Il faut souligner que dans cette dernière étude, la nature pétrologique des sources d’oxydes de fer est clairement définie (terra rossa, oolithes ferrugineuses, glauconie altérée, latérite carbonatée  : Attard Montalto et al., 2012, p. 1095). En revanche, tous les échantillons archéologiques pris en compte sont à l’état de poudre, ce qui ne permet pas d’exploiter les données pétrographiques issues des échantillons géologiques.

63. PIXE : Particle Induced X-ray Emission

64. WD-XRF : Wavelength Dispersive X-Ray Fluorescence.

65. ICP-AES : Inductively Coupled Plasma-Atomic Emission Spectrometry.

En Australie, « l’ocre » a pu circuler sur des centaines, voire des milliers de kilomètres à partir des sources d’approvisionnement (Jones, 1884, d’après Salomon,  2009). Smith et Pell ont utilisé le rapport des isotopes de l’oxygène 18O/16O contenu dans le quartz, associé aux oxydes de fer, pour discriminer les sources (Smith et Pells, 1997).

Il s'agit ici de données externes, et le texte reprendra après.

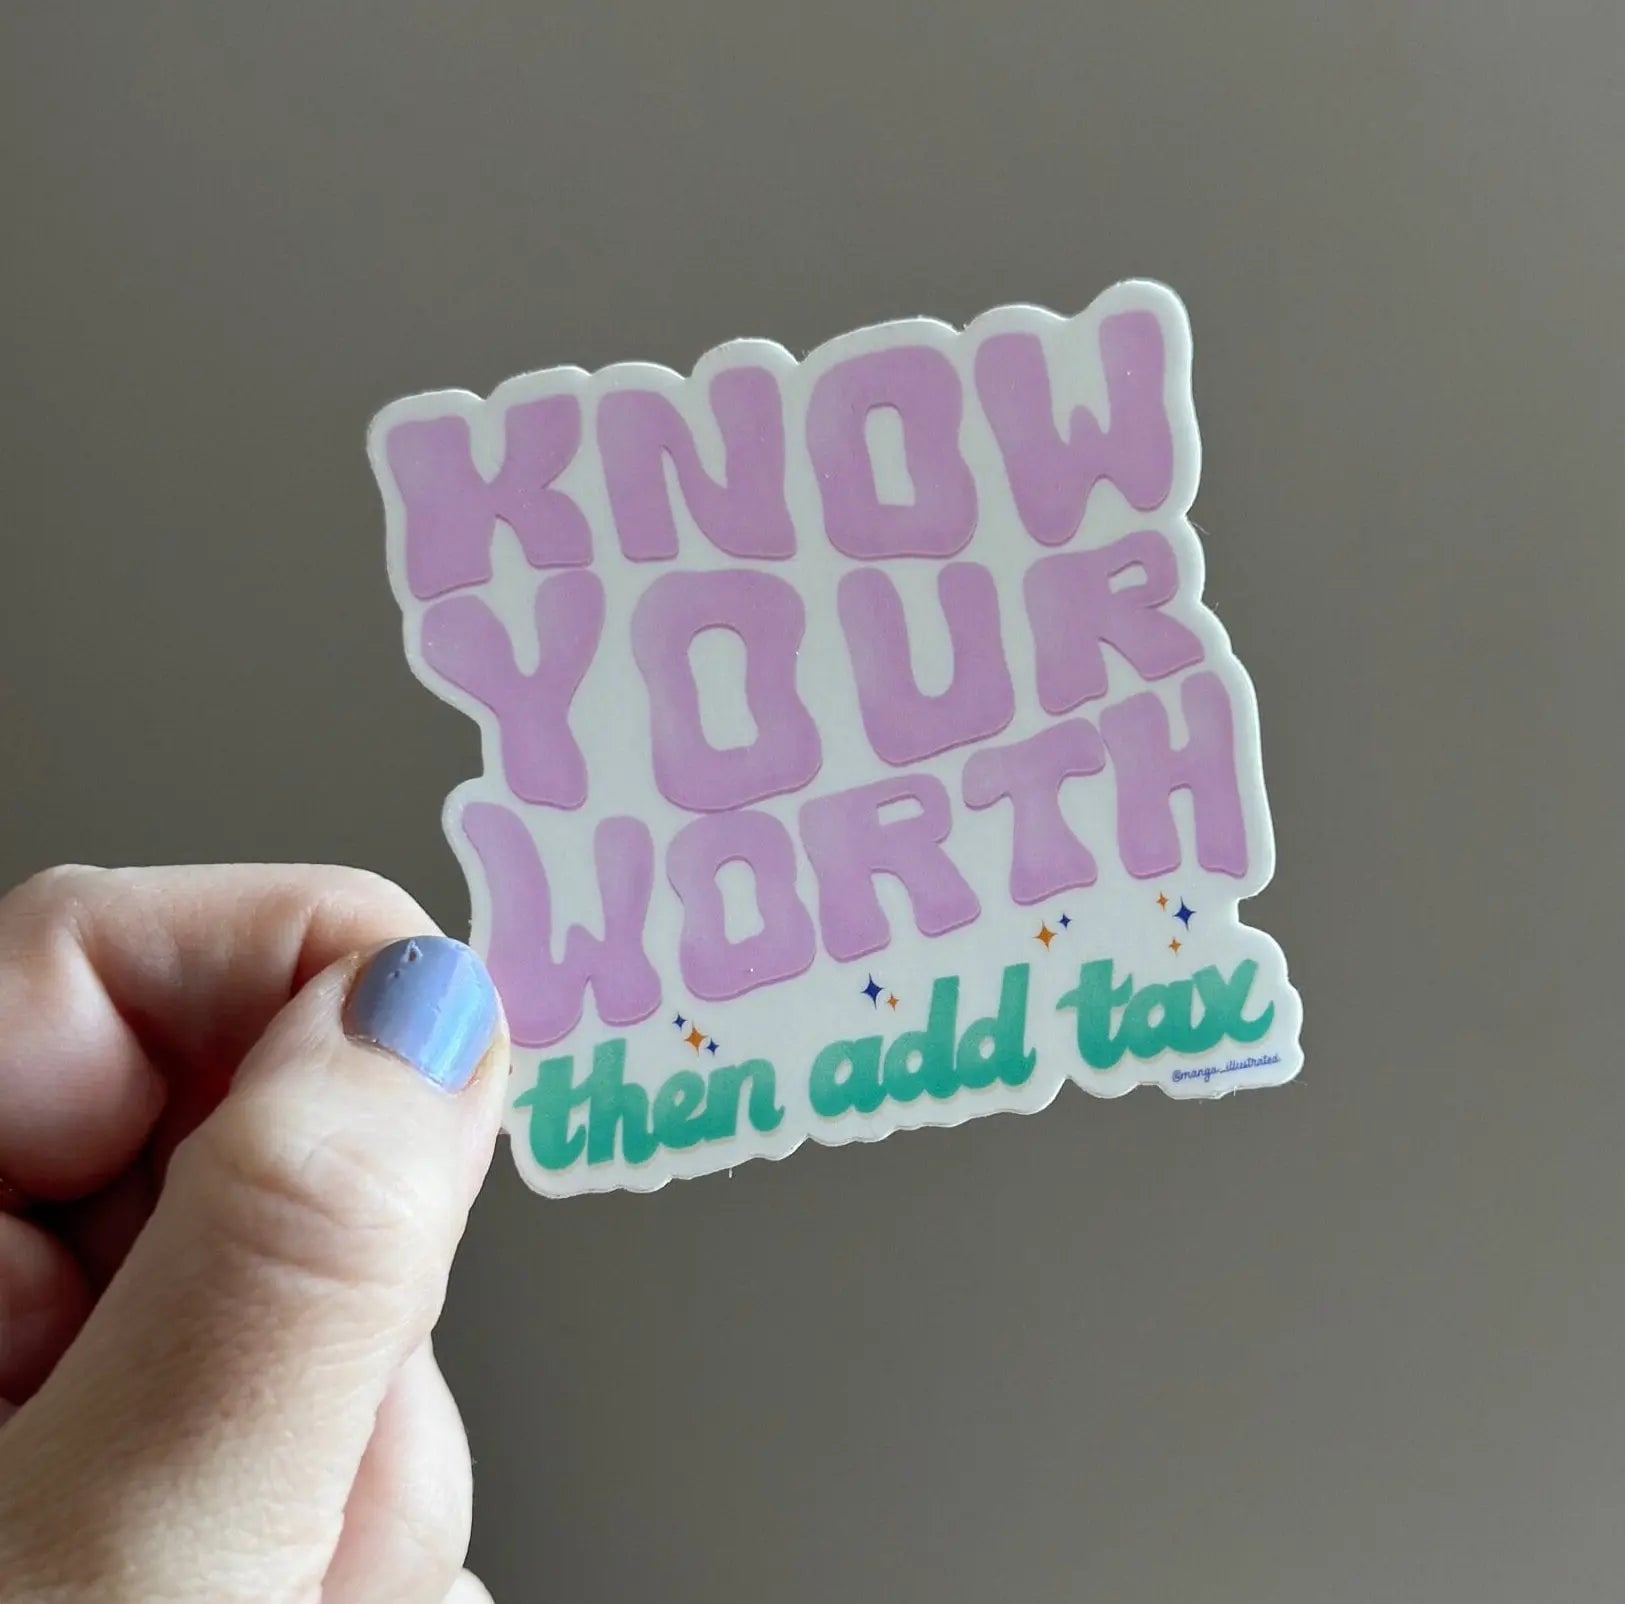 Know your worth then add tax sticker MangoIllustrated

Cette approche ne fonctionne qu’à grande échelle car le quartz est un minéral ubiquiste.

Le cinabre en revanche, n’est répandu qu’en des points précis, qui sont bien cartographiés. La quantification des éléments traces par XRF et les rapports isotopiques du plomb 208Pb/206Pb,

207Pb/206Pb et 206Pb/204Pb ont respectivement été employés dans les Balkans (Gajic-Kvasec et  al., 2012) et en Espagne (Hunt-Ortiz et al. 2011).

Globalement, l’identification des sources d’approvisionnement des roches riches en oxy(hydroxy)des de fer a été étayée ces dernières années par le développement d’une méthodologie plurielle et solide.

Elle nécessite cependant, de dresser des référentiels régionaux. Par ailleurs, l’association de l’analyse des éléments traces aux observations pétrographiques, qui permettent d’apporter des informations complémentaires et de traiter de grandes séries, n’est pas encore systématique. Un effort devrait aussi être fait pour extraire les informations relatives aux modalités de diffusion dans l’espace (module, quantité) et dans le temps (régularité).